▶ [Assigned task]:
Return the entries verbatim and drop every picture.

[Entries provided Boundary: Start]

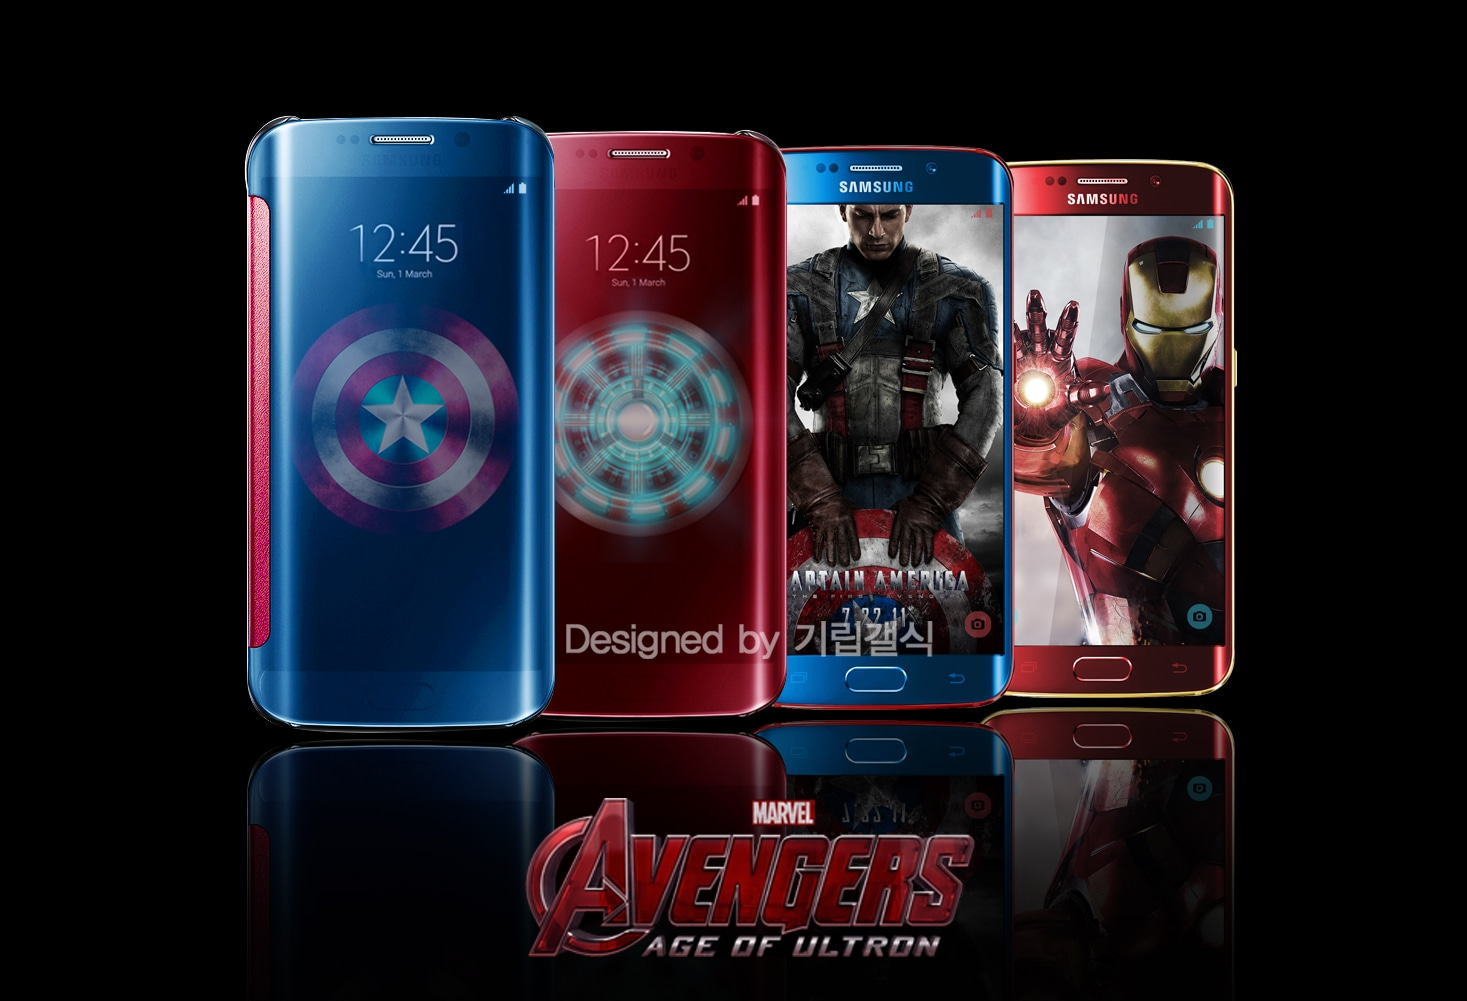 Galaxy S6 ed S6 Edge Avenger Age of Ultron – 11
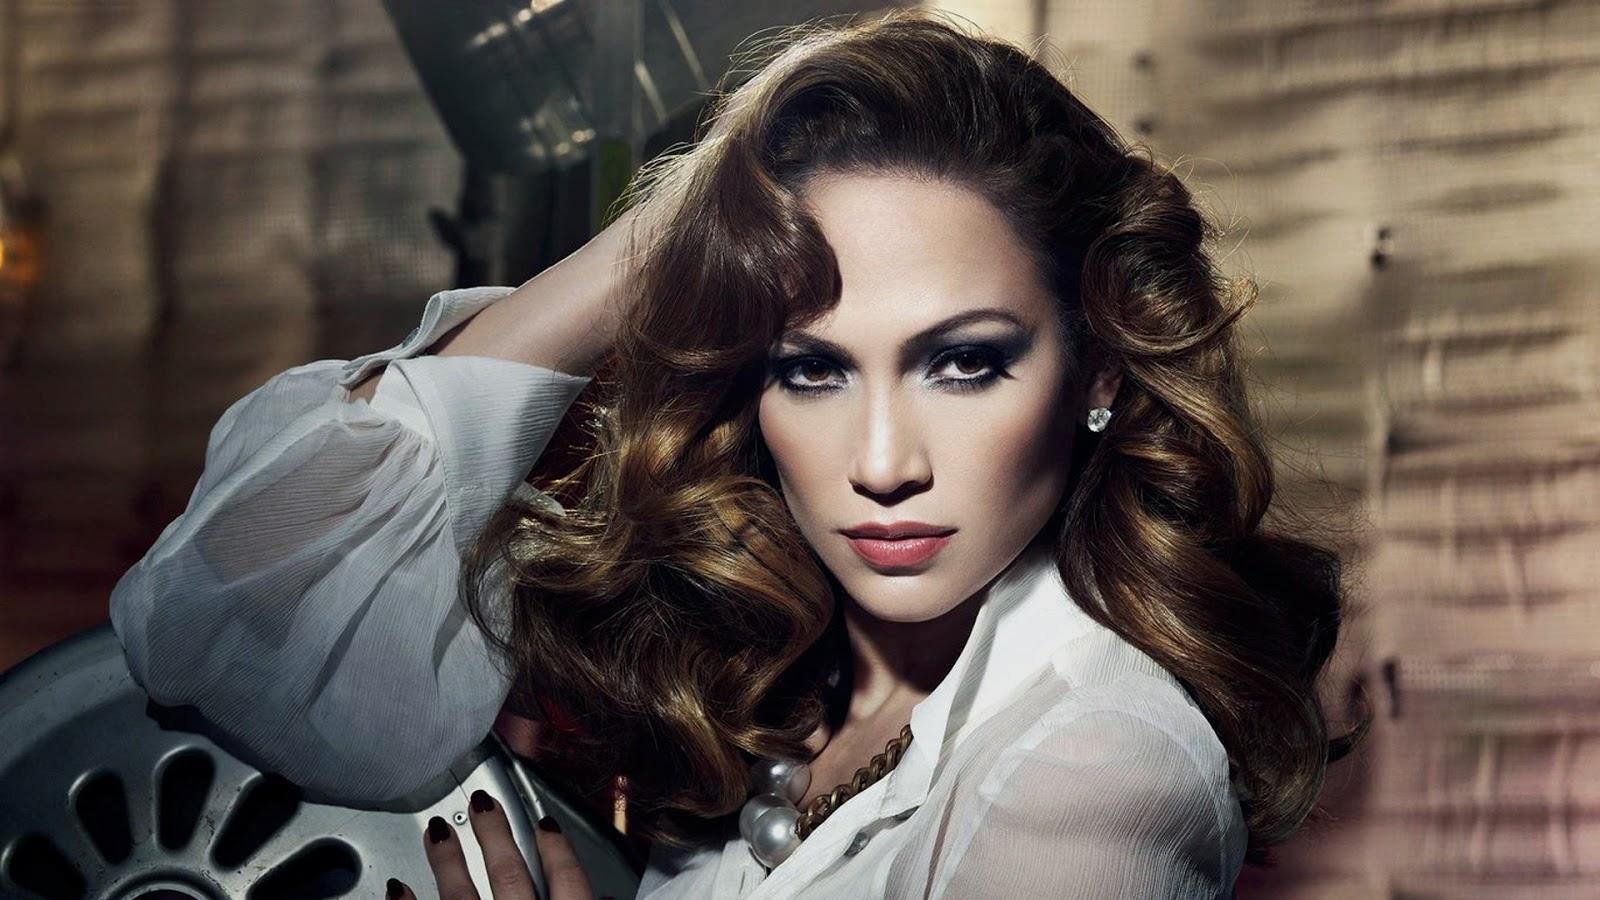 Jennifer Lopez Glamour Wallpaper very high quality desktop wallpapers 1600x900
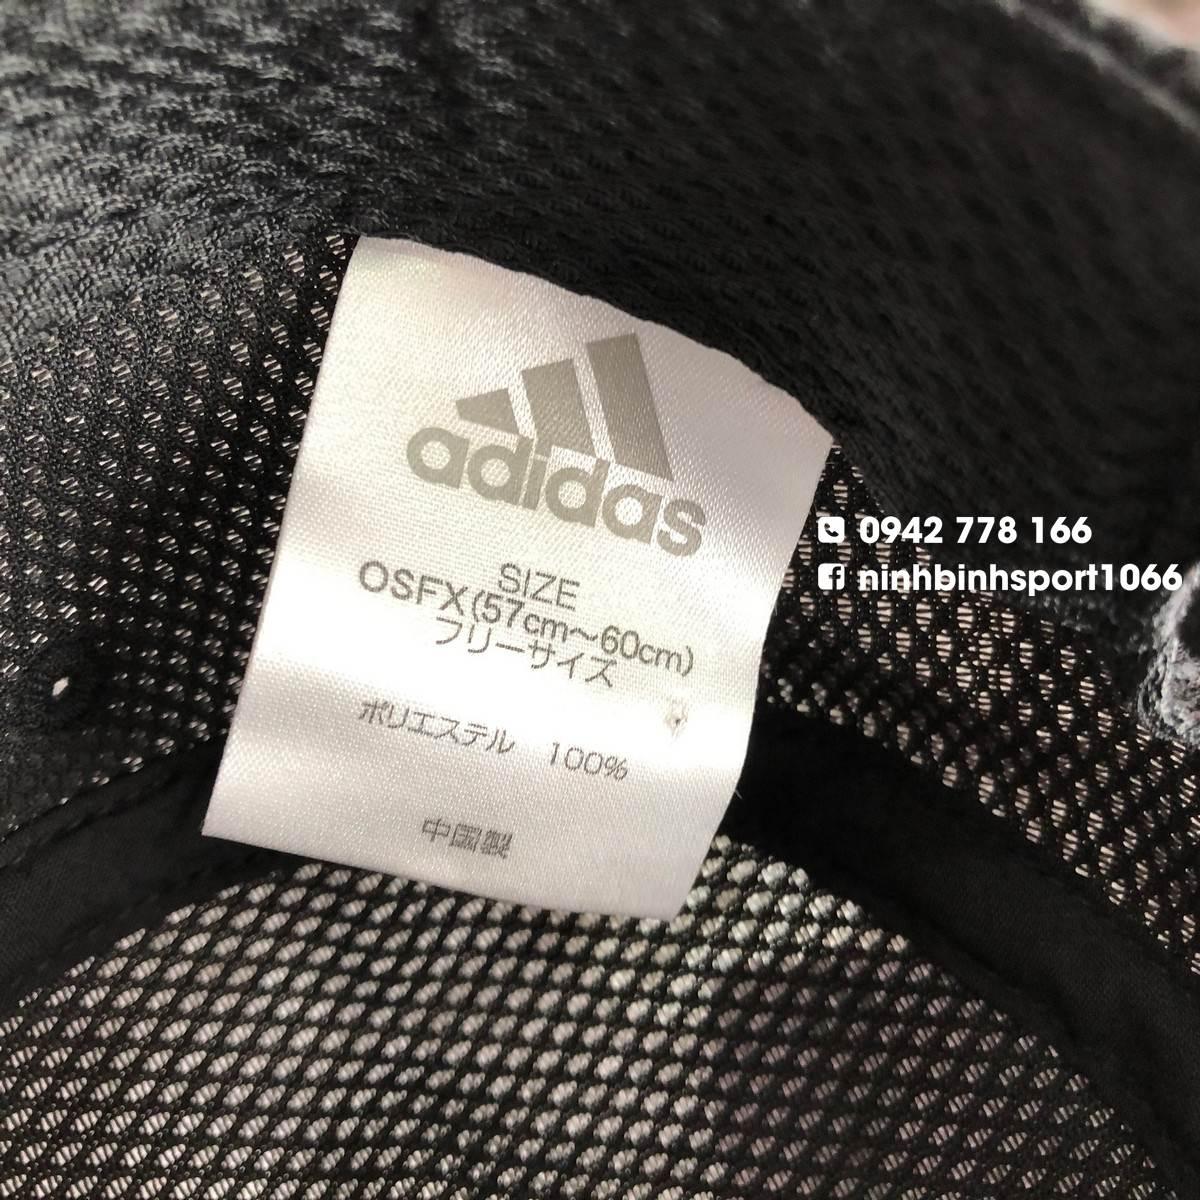 Mũ thể thao Adidas 515-01-OSFX
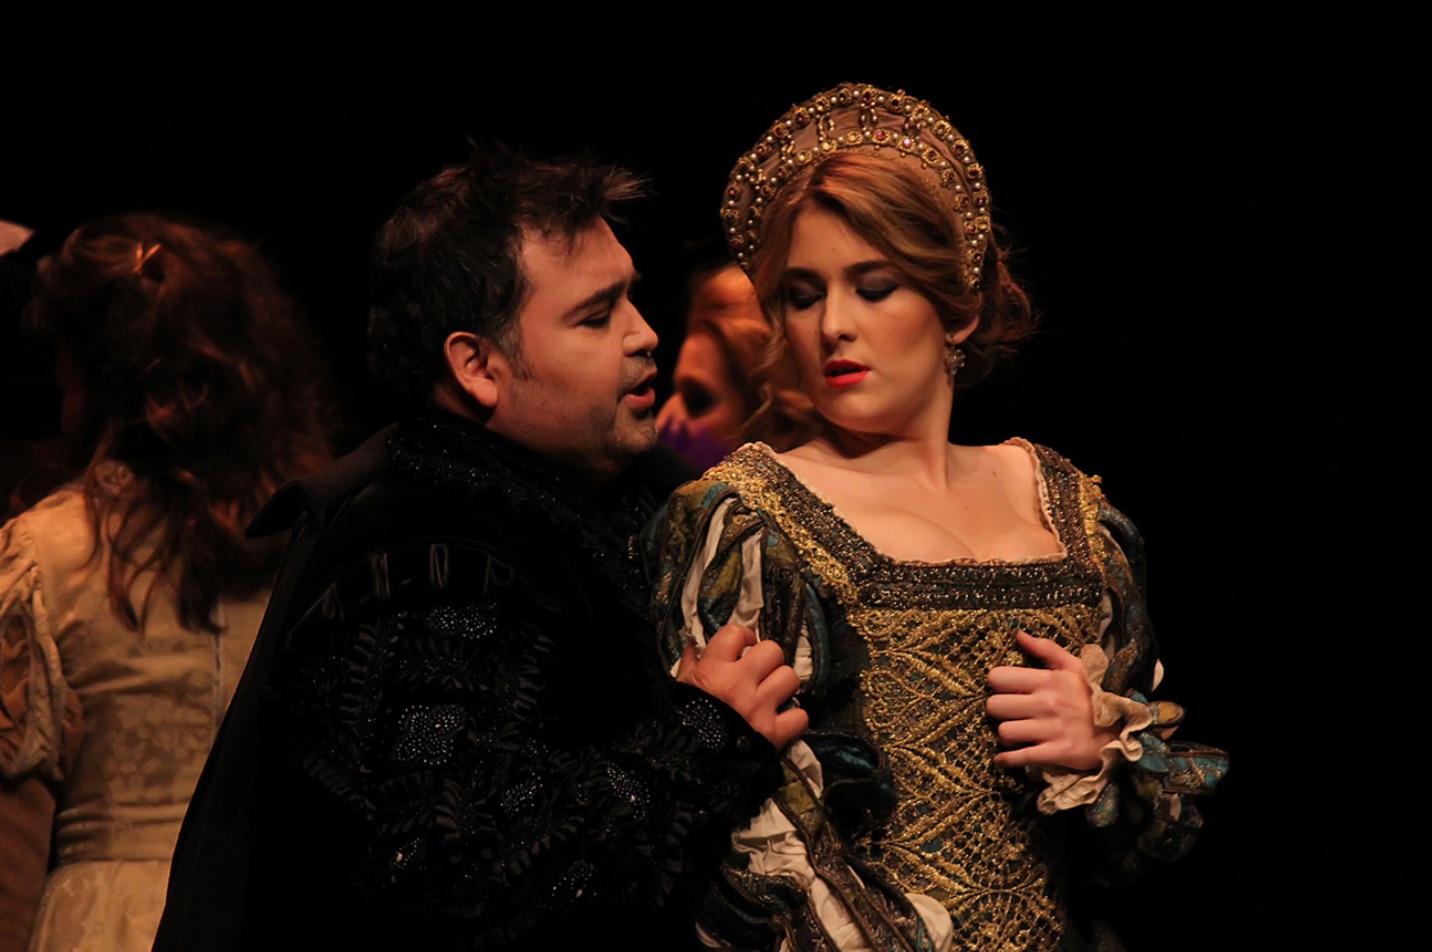 Un Povero Rigoletto en escena
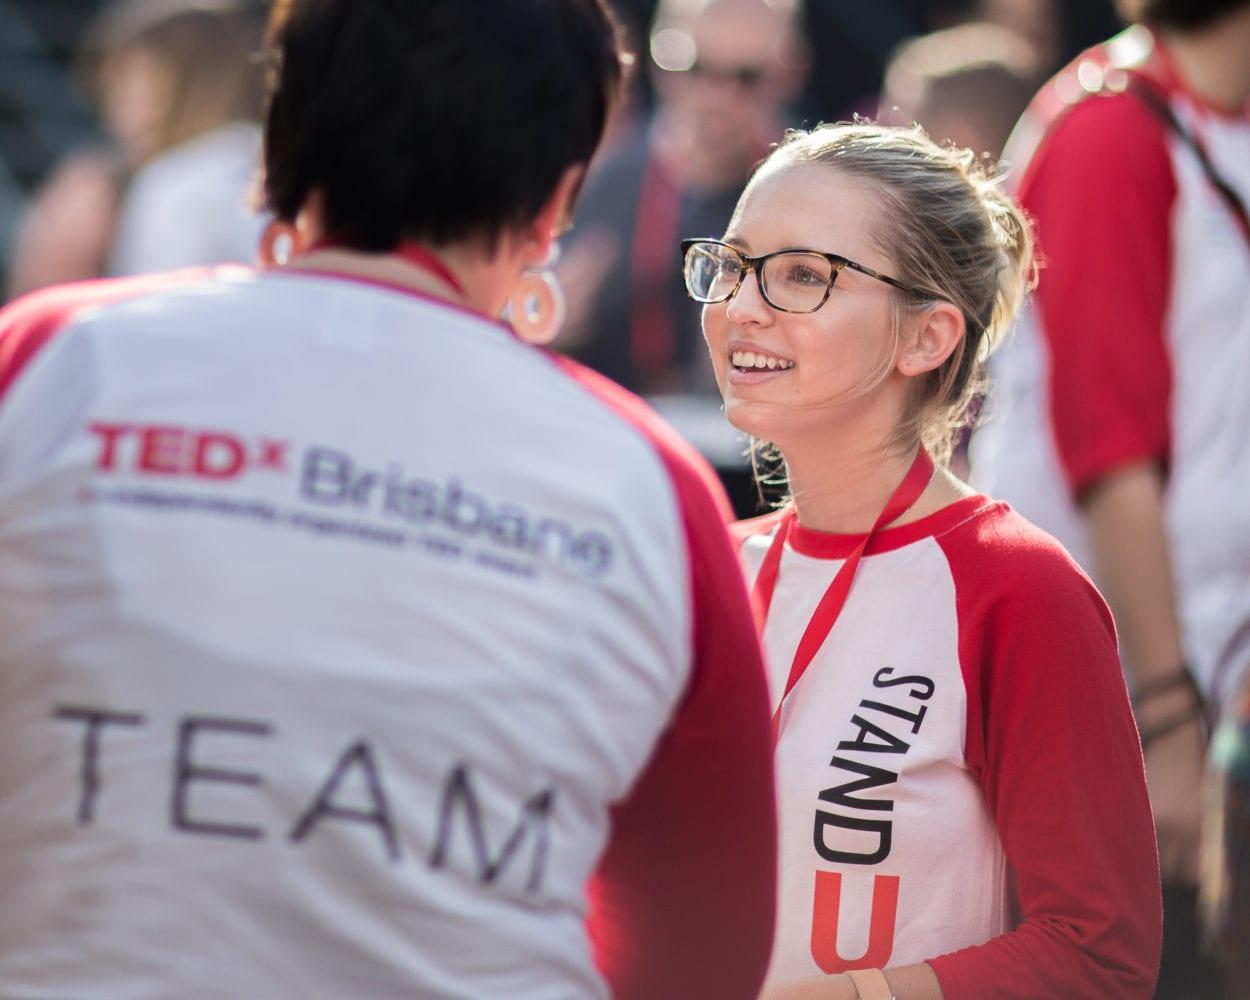 Emily Warner TEDxBrisbane Advocate

[Entries provided Boundary: End]

▶ [Exercise answer]:
 Galaxy S6 ed S6 Edge Avenger Age of Ultron – 11
 Jennifer Lopez Glamour Wallpaper very high quality desktop wallpapers 1600x900
 Mũ thể thao Adidas 515-01-OSFX
 Un Povero Rigoletto en escena
 Emily Warner TEDxBrisbane Advocate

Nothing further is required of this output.